Activity
Every line of the listing below is to be repeated exactly; the pictures stay out.

Data excerpt

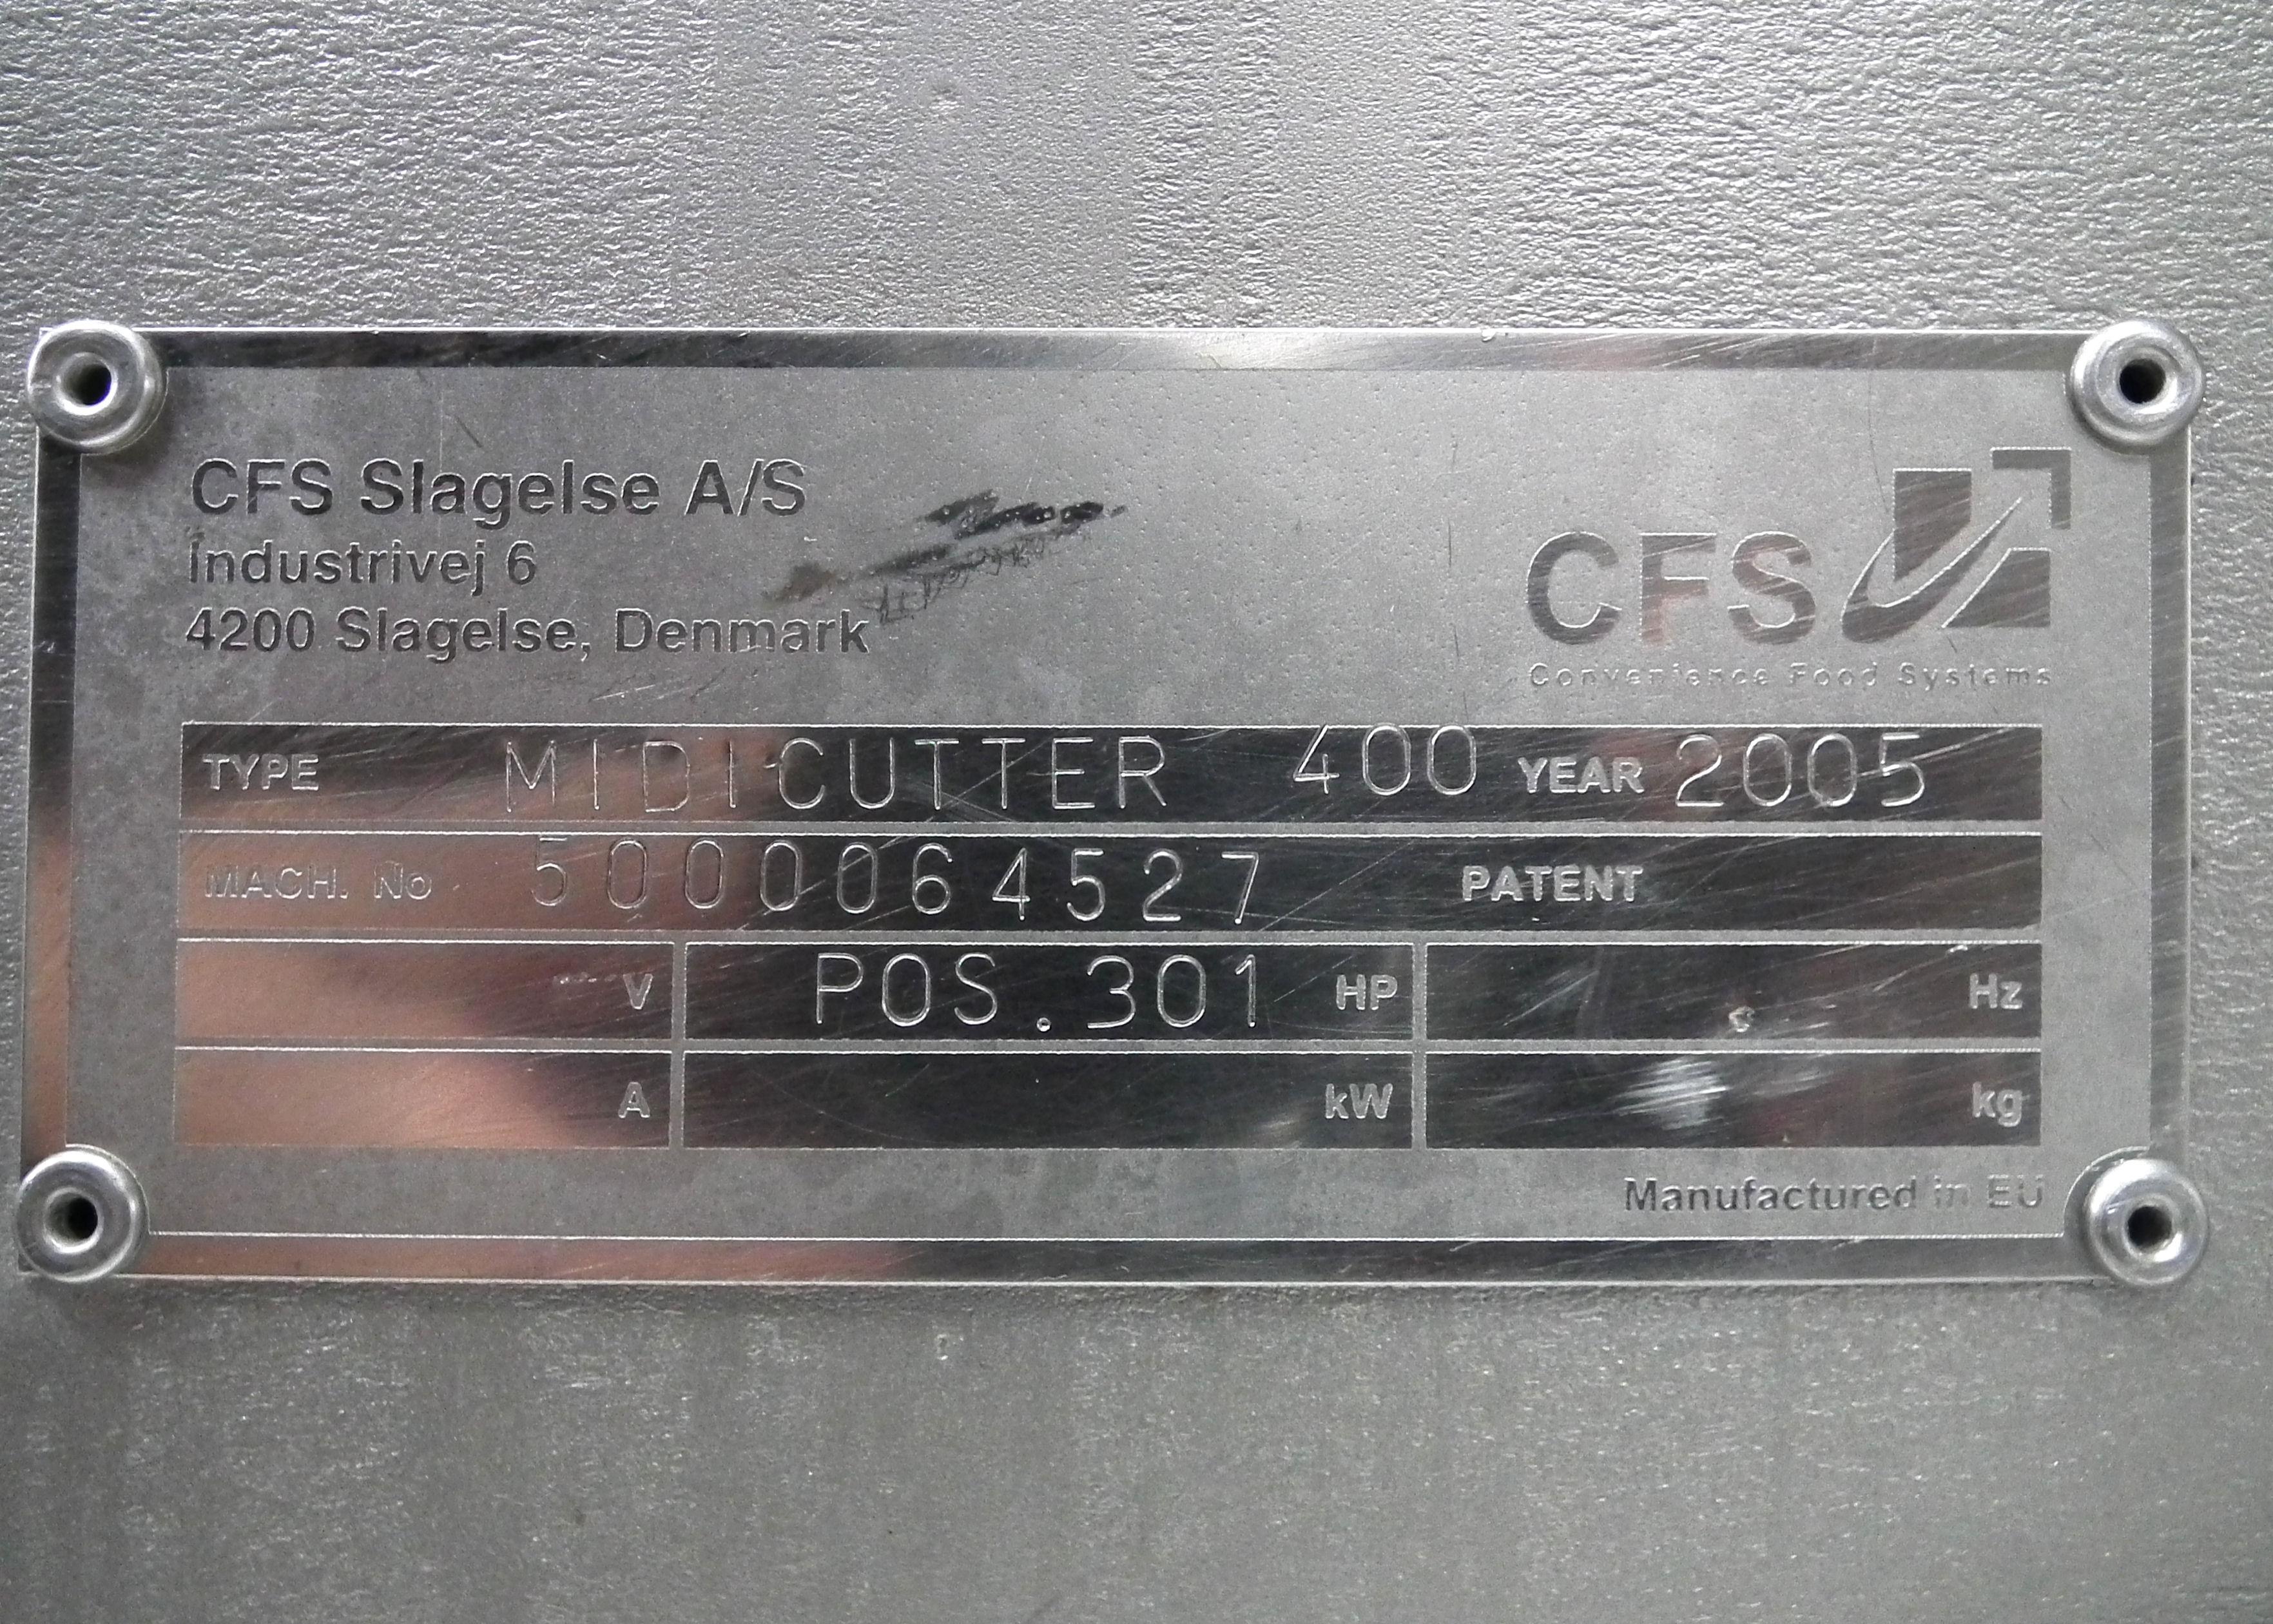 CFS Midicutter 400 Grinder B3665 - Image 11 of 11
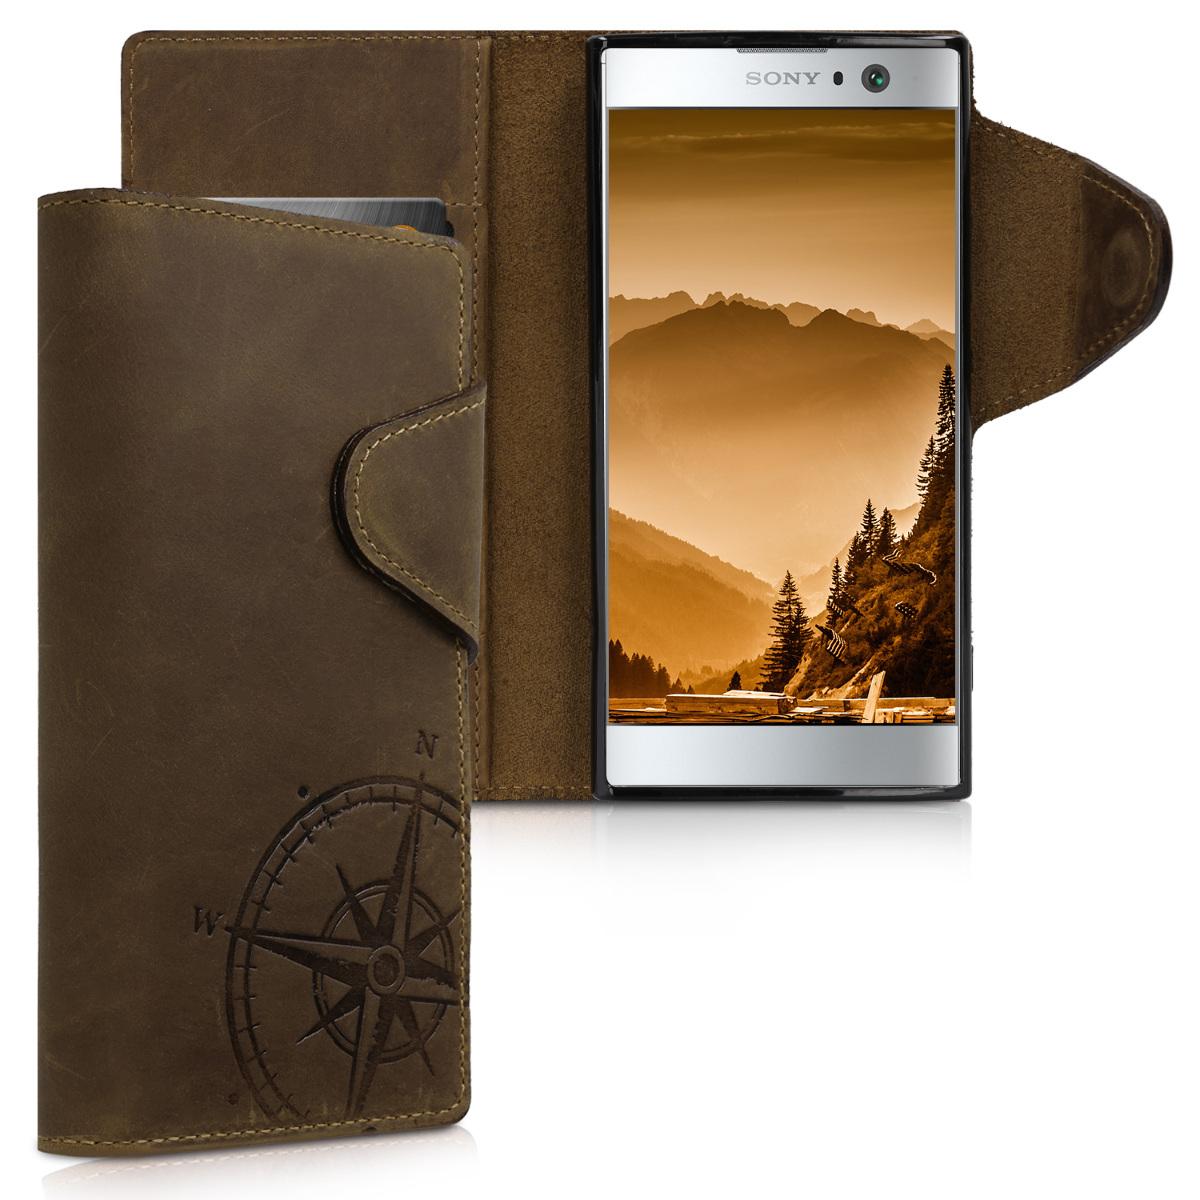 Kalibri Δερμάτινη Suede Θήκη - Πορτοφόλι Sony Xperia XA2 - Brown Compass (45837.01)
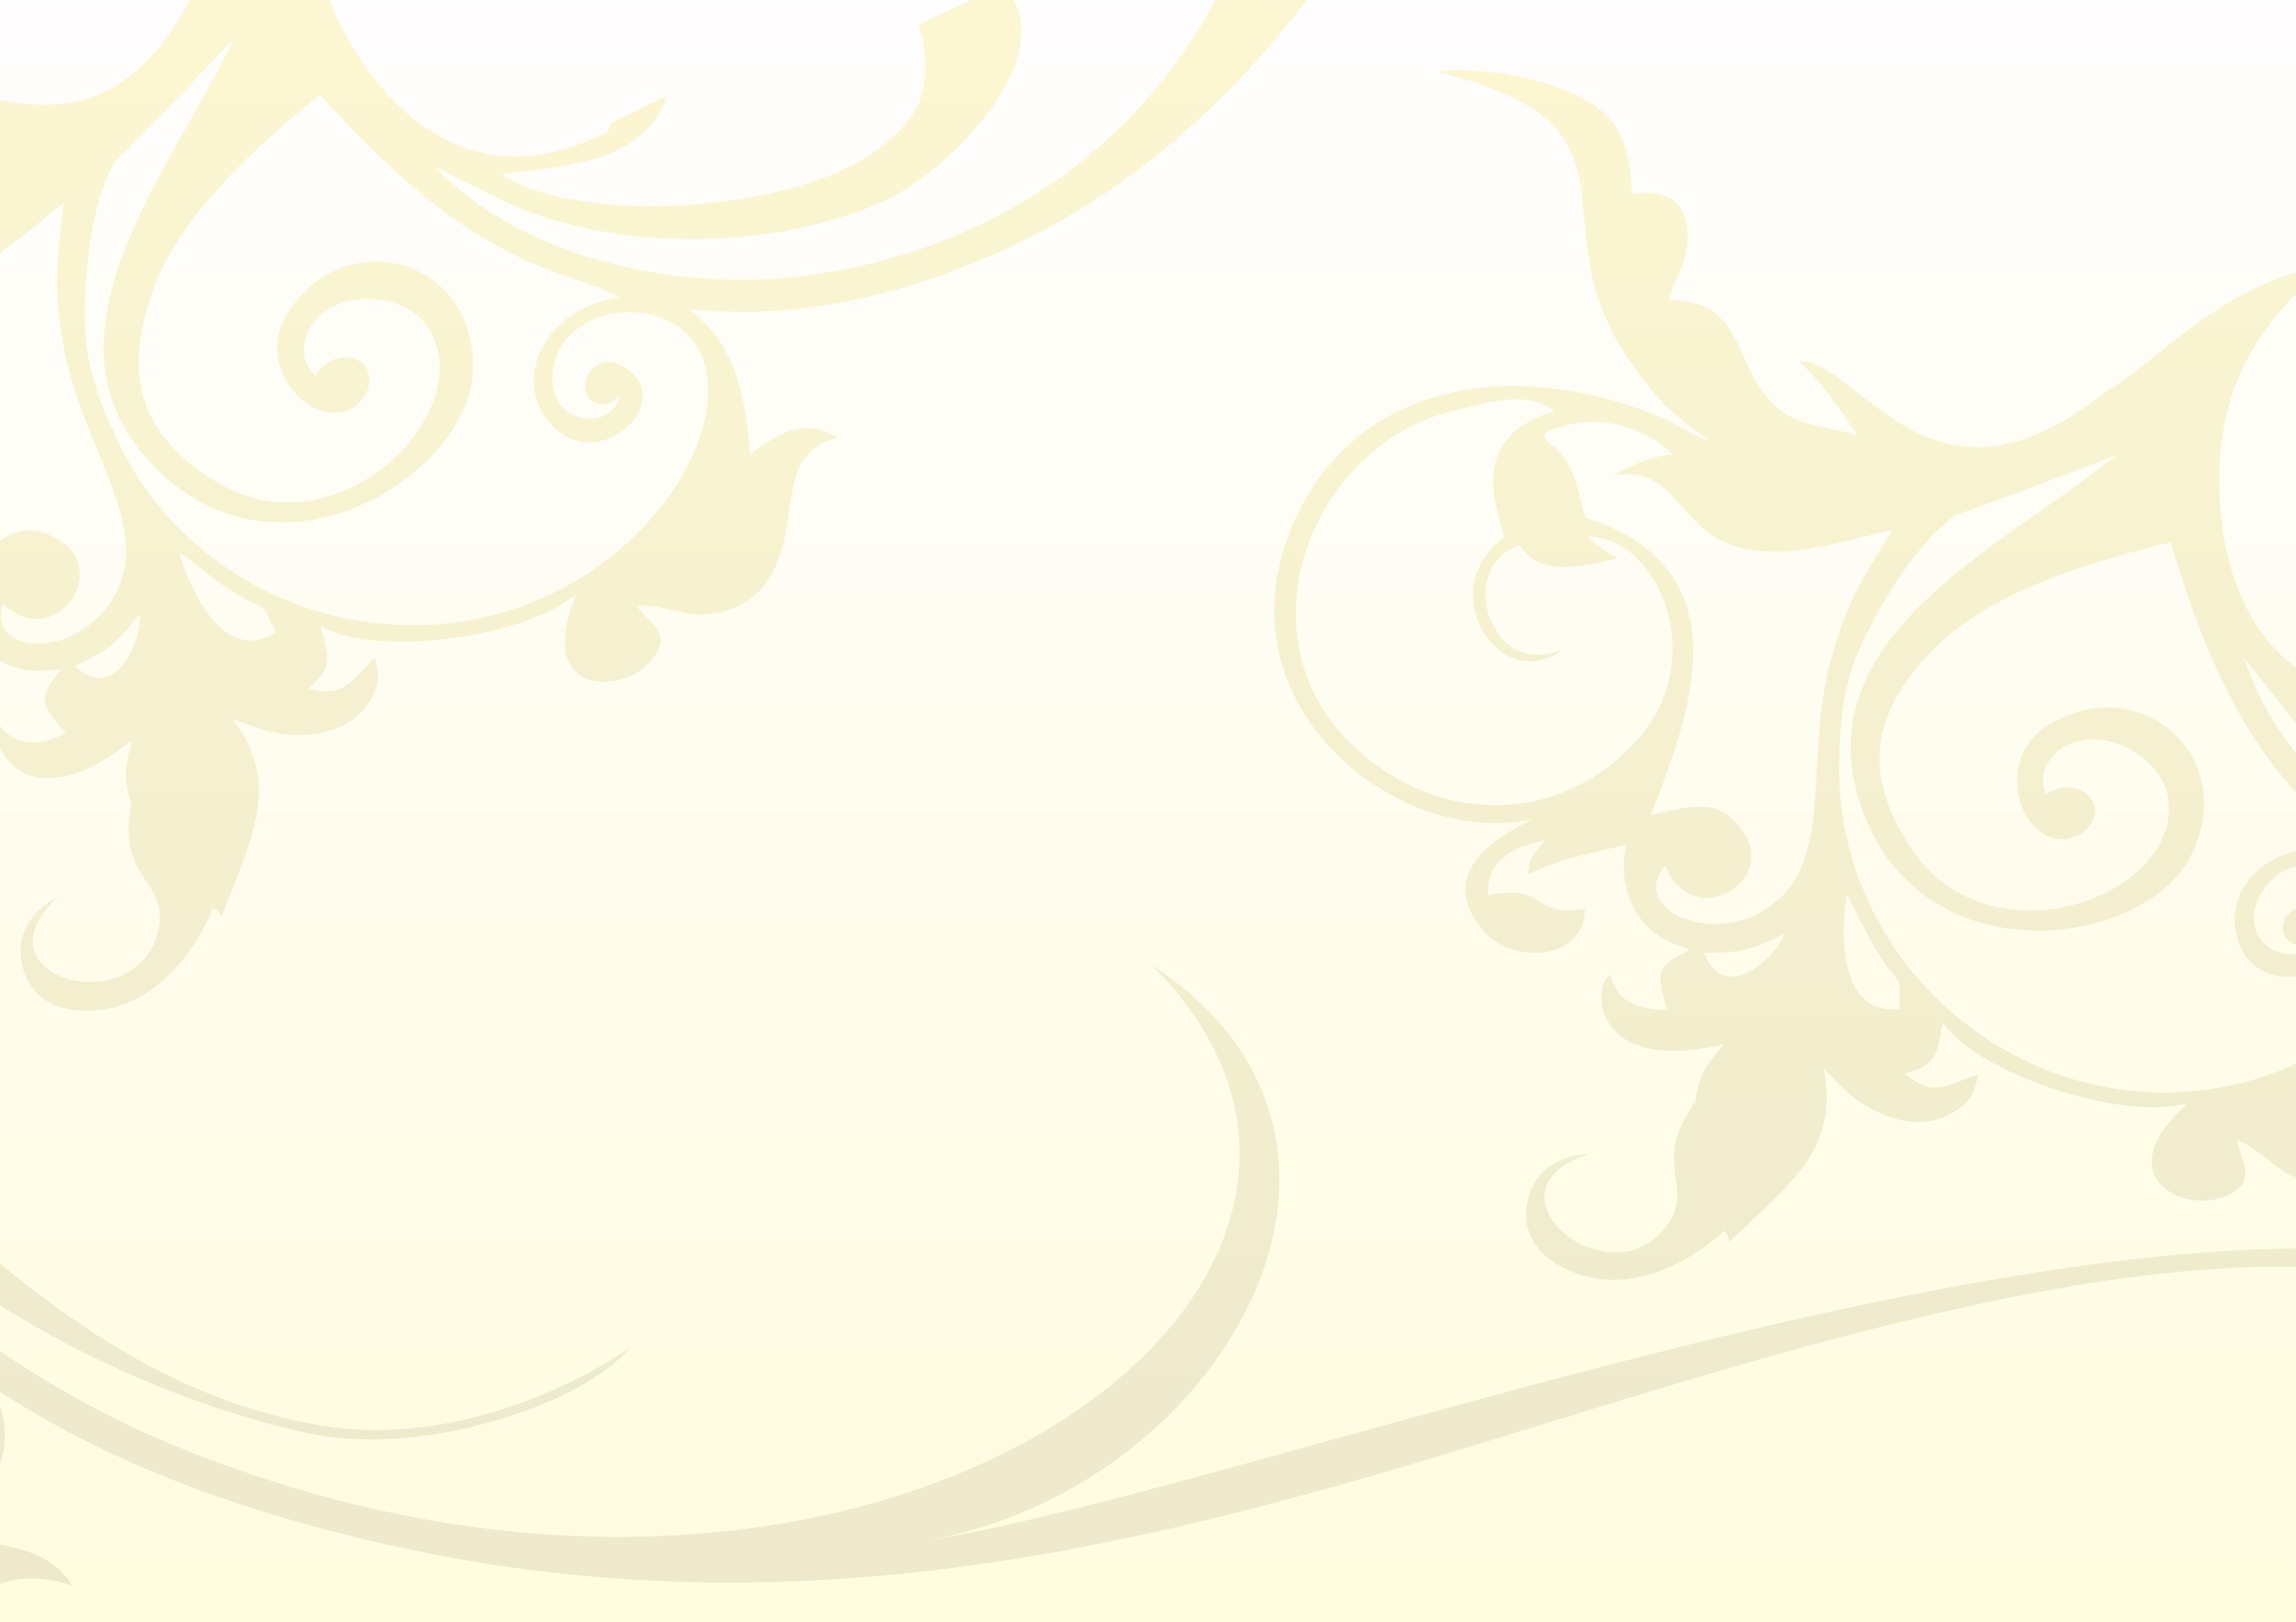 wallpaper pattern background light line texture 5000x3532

Solution for this problem
 CFS Midicutter 400 Grinder B3665 - Image 11 of 11
 Kalibri Δερμάτινη Suede Θήκη - Πορτοφόλι Sony Xperia XA2 - Brown Compass (45837.01)
 wallpaper pattern background light line texture 5000x3532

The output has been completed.